Selain itu, ketidakaktifan wanita nelayan, nelayan budidaya, dan nelayan pengolah hasil laut dalam kelembagaan awig-awig, menunjukkan bahwa tidak semua
aktor yang terlibat dalam pemanfaatan sumber daya perikanan pantai di Kabupaten Lombok Timur mendukung keberdaaan awig-awig. Ketidakikutsertaan wanita
nelayan hanya dikarenakan kegiatan pengawasan perikanan berbahaya bagi wanita. Di sisi lain, wanita nelayan turut serta aktif dalam membatu kegiatan penagkapan
yang dilakukan oleh suami mereka.

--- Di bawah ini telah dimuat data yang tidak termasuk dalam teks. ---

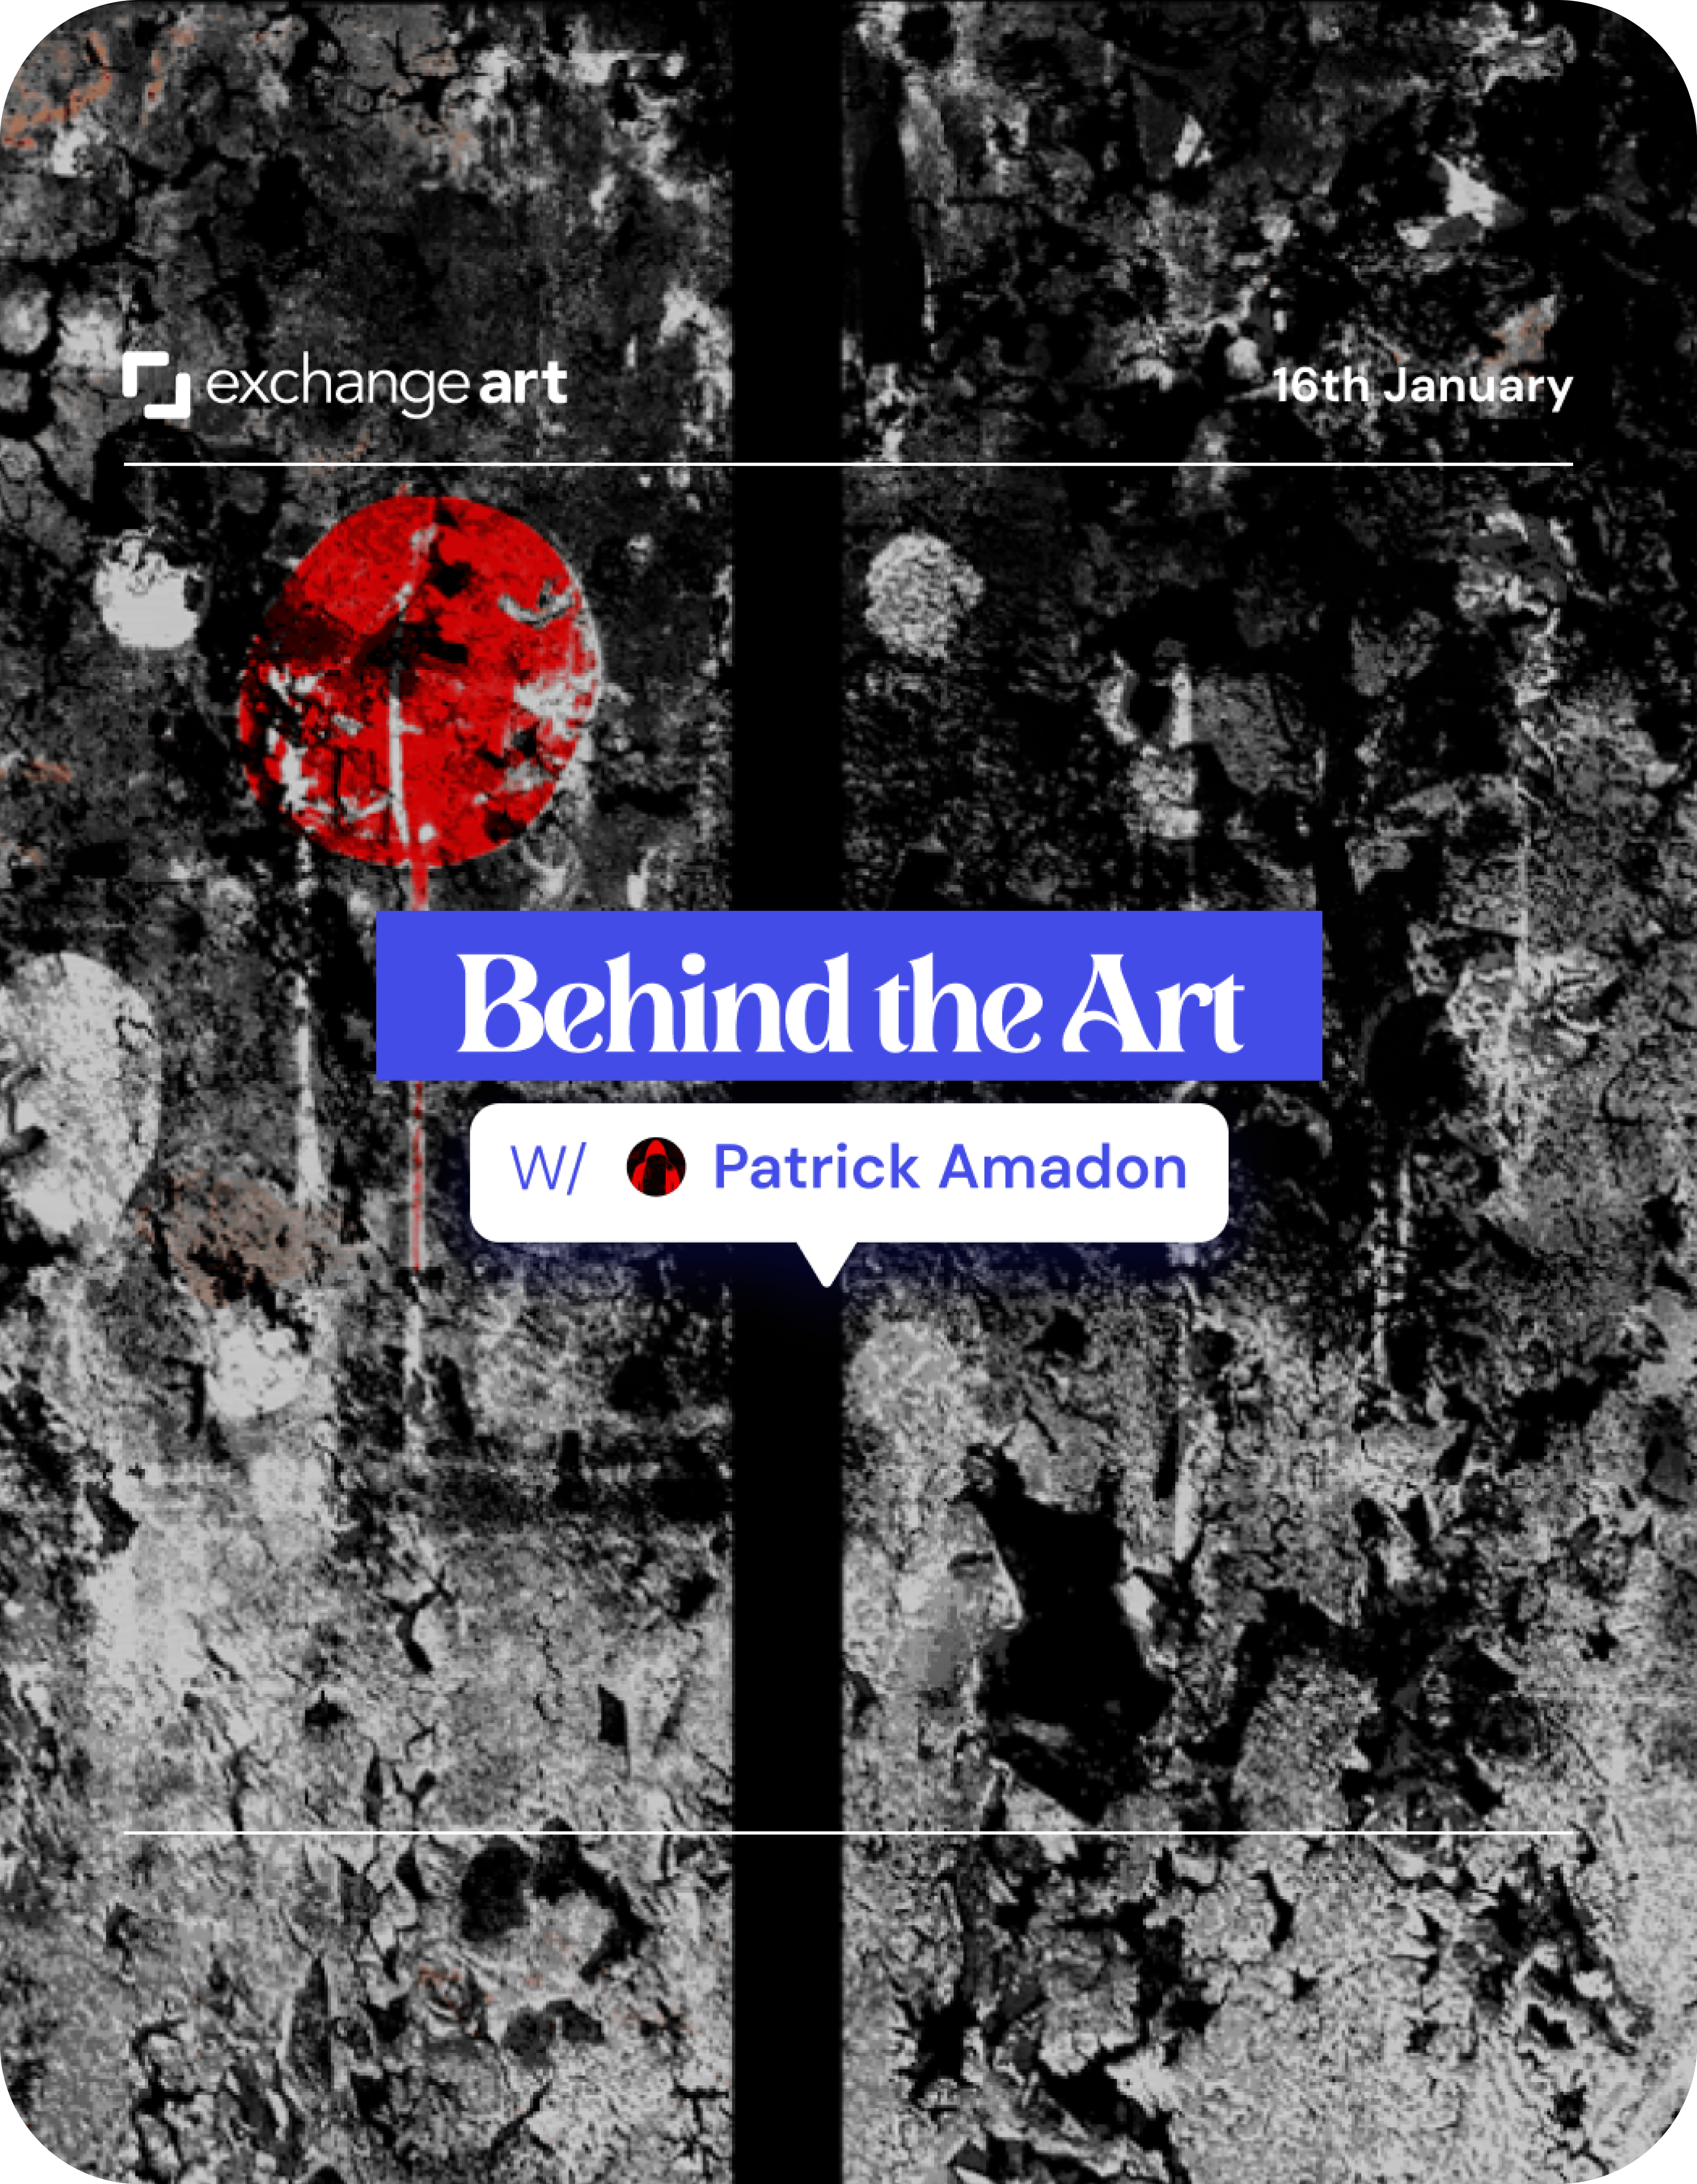 Behind the Art with Patrick Amadon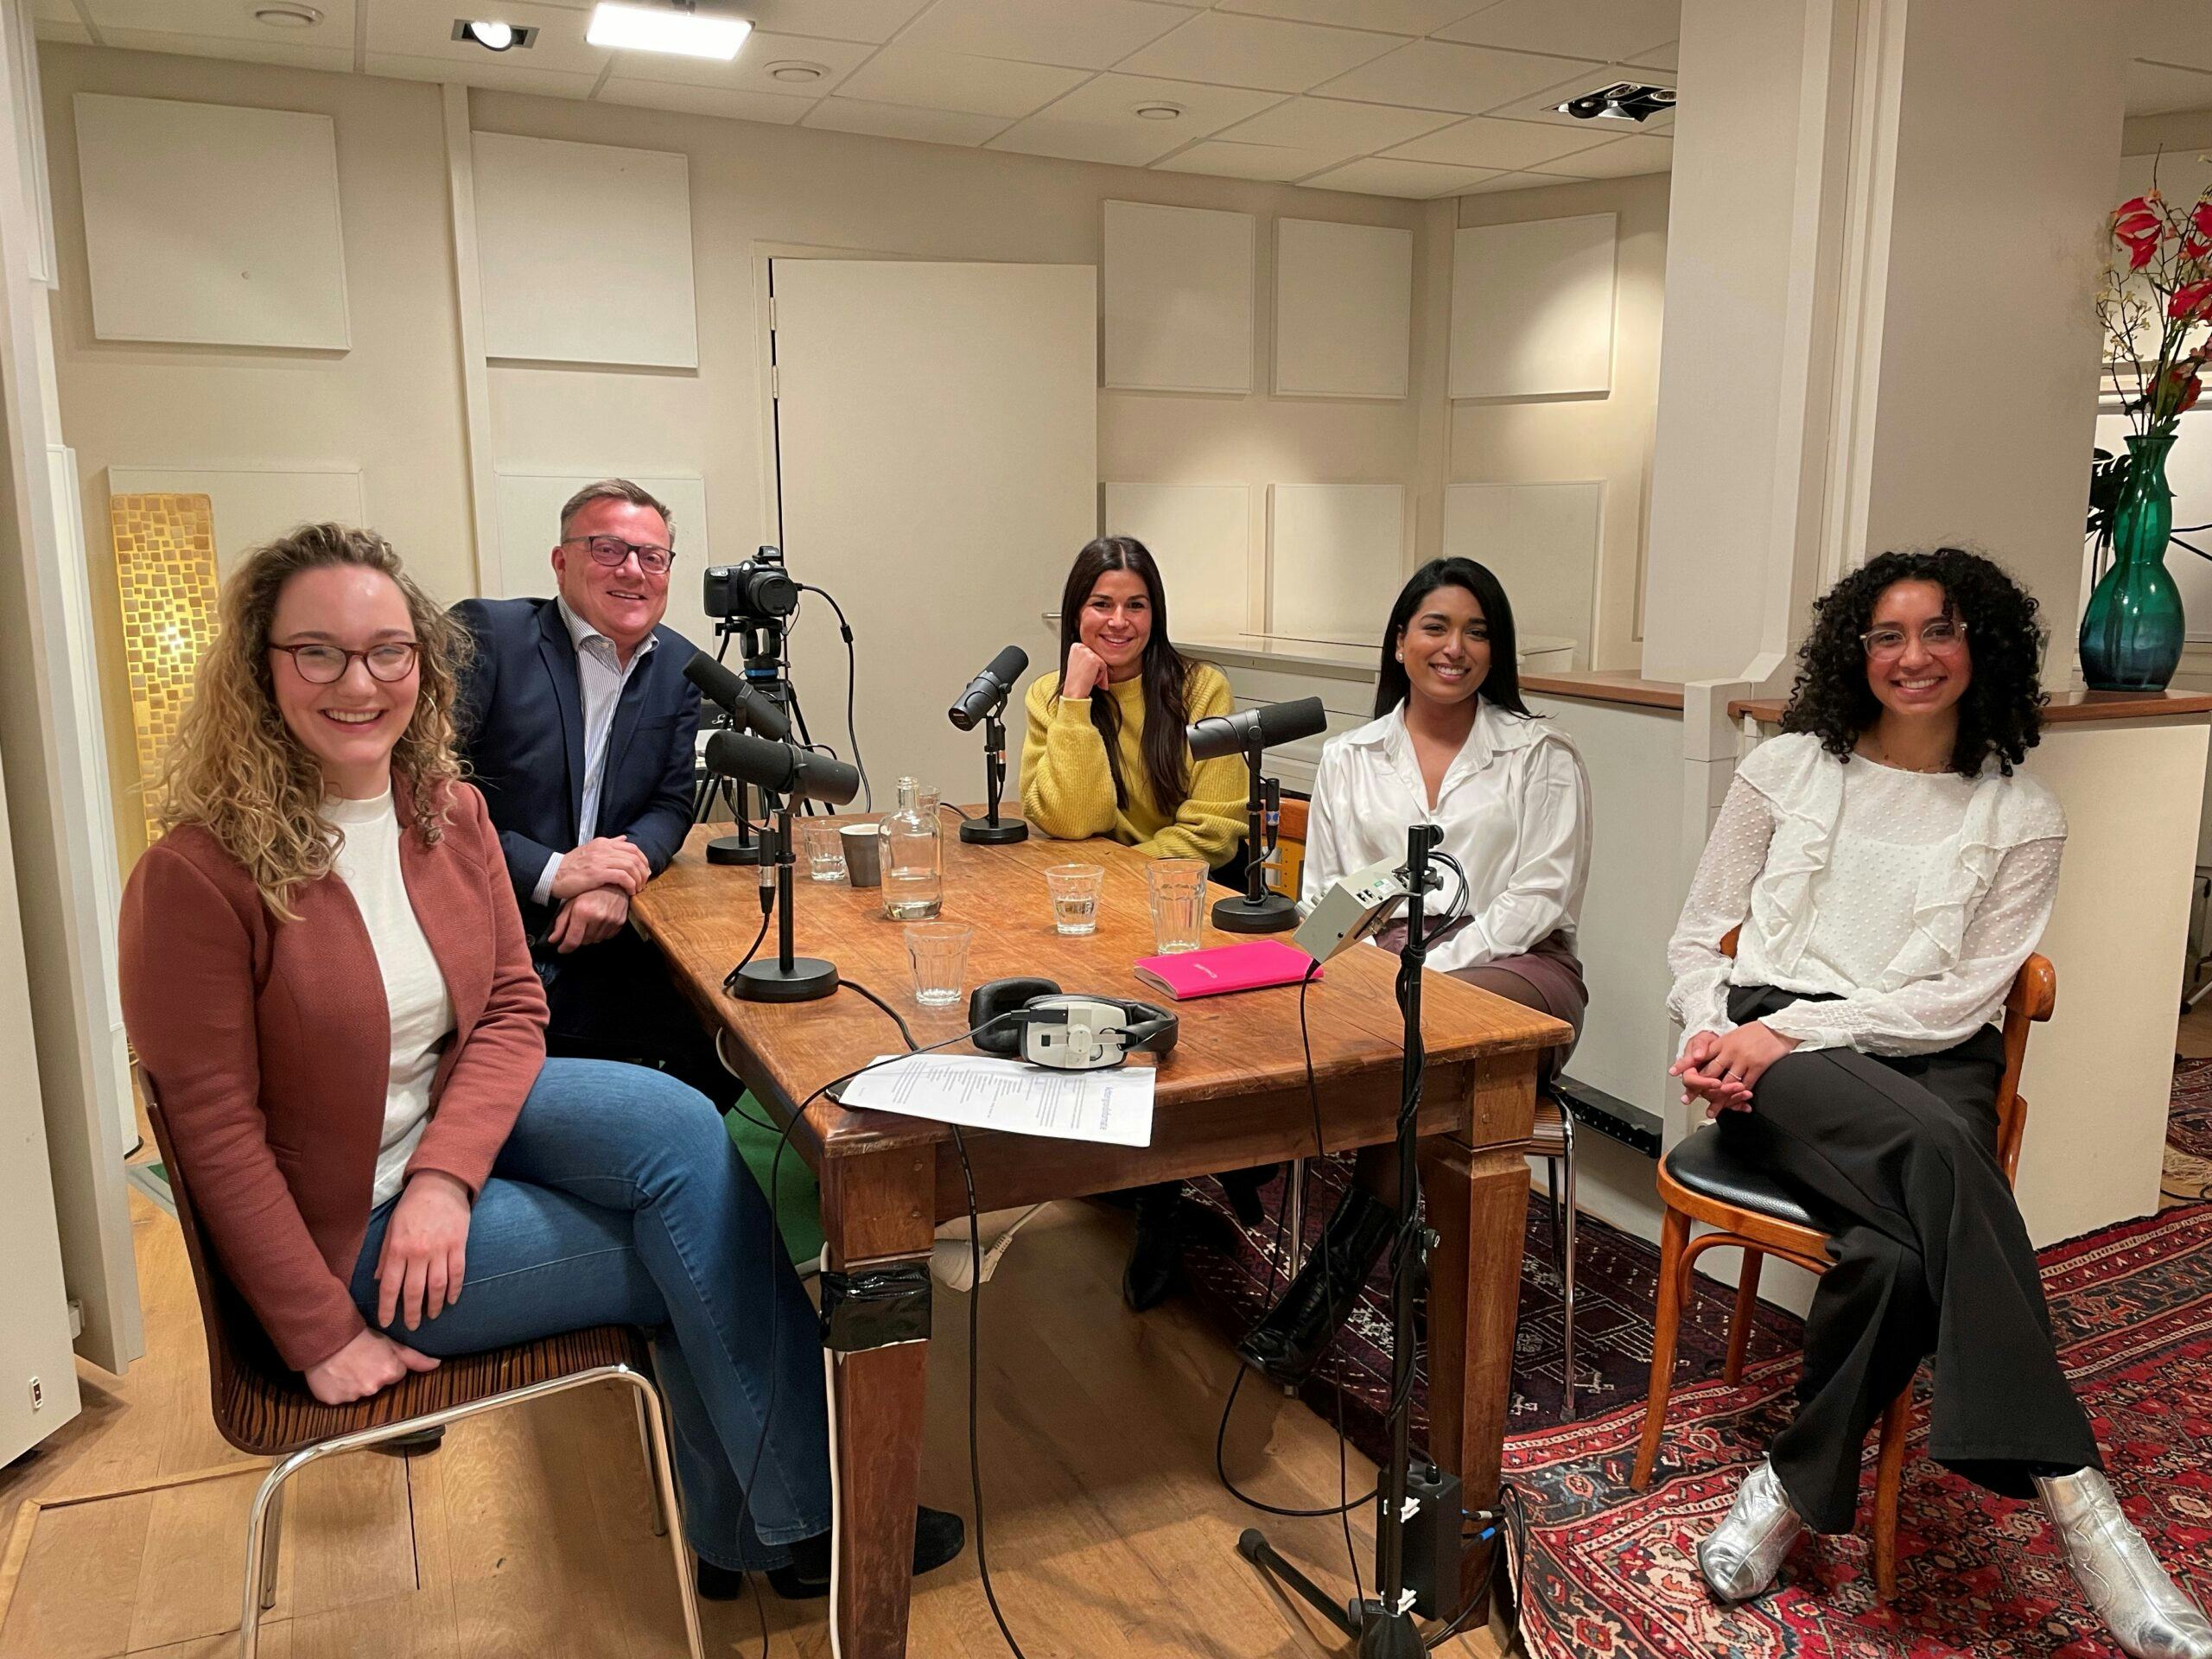 AMpodcast I AM Young InSurance -  Ontwikkeling van de young professional

Wanita nelayan ini banyak yang berprofesi sebagai pedagang ikan, yakni menjual hasil tangkapan suami mereka.
Sedangkan nelayan budidaya, terutama nelayan budidaya yang melakukan kegiatan budidaya laut seperti budidaya rumput laut, ikan kerapu, dan lain
sebagainya juga memanfaatkan wilayah perairan. Jika tidak ada kerja sama di antara nelayan tangkap dan nelayan budidaya, maka akan memicu konflik wilayah.
Demikian pula dengan nelayan pengolah hasil laut, di mana, nelayan pengolah hasil laut ini memanfaatkan sumber daya laut untuk diolah menjadi ikan kering atau
dipindang, sehingga, jika hasil laut yang dijual merupakan hasil tangkapan dari bom dan potas, hasil olahan juga akan memiliki kualitas yang buruk, sehingga nilai jual
pun tidak tinggi.
Dinas Kelautan dan Perikanan Kabupaten Lombok Timur, sebagai wakil dari pemerintah daerah yang masih aktif dalam menjalankan tugas dan kewenangan yang
ada, tidak dapat menjalankan tugas dan kewenangan secara maksimal karena adanya perampingan anggaran dari pemerintah daerah sendiri, yang mengakibatkan kegiatan
penyuluhan dan pengawasan perikanan yang biasanya dapat dilakukan sebulan sekali, saat ini hanya dapat dilakukan tiga bulan sekali, atau setahun dua kali.
Penurunan pelaksanaan tugas dan kewenangan dari para aktor yang terlibat dalam kelembagaan awig-awig pengelolaan sumber daya perikanan pantai di
Kabupaten Lombok
Timur terutama
kegiatan pengawasan
perikanan, mengakibatkan masih banyak ditemukan pelanggaran-pelanggar terhadap awig-awig
terutama kegiatan penangkapan dengan bom dan potas yang ditandai dengan masih ditemukan beberapa lokasi penangkapan ikan dengan bom dan potas Lampiran 1
dan hilangnya hilangnya satu pulau kecil gili di kawasan Sambelia.